## SOURCE DATA
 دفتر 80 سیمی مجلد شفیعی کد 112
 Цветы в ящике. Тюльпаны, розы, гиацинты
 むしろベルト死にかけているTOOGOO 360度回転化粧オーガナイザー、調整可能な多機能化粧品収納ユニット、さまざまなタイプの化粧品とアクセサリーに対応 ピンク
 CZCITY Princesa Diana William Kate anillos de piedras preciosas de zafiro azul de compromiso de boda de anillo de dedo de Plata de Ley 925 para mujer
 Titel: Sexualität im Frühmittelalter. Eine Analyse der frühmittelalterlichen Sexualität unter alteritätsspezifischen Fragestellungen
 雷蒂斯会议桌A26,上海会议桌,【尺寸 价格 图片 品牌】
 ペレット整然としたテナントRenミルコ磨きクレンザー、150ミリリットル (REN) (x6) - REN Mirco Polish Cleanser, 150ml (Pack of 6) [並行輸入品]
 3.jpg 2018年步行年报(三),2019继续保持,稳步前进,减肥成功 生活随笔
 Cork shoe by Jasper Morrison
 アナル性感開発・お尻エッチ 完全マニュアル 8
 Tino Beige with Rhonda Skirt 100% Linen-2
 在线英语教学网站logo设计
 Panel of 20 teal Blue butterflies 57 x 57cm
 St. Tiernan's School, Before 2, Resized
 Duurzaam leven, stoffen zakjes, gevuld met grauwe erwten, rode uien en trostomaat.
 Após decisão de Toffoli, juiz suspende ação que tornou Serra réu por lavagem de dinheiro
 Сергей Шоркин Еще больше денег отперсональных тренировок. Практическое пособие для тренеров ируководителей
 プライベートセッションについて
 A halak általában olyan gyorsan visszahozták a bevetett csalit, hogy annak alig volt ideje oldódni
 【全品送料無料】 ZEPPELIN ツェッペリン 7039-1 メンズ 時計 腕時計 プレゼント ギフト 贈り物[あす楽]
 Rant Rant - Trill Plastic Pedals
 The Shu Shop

## WHAT IS BEING ASKED
The answer should be the exact lines running from the line containing "A halak általában" to the last line of the entries, with nothing else.

## EXERCISE RESPONSE
 A halak általában olyan gyorsan visszahozták a bevetett csalit, hogy annak alig volt ideje oldódni
 【全品送料無料】 ZEPPELIN ツェッペリン 7039-1 メンズ 時計 腕時計 プレゼント ギフト 贈り物[あす楽]
 Rant Rant - Trill Plastic Pedals
 The Shu Shop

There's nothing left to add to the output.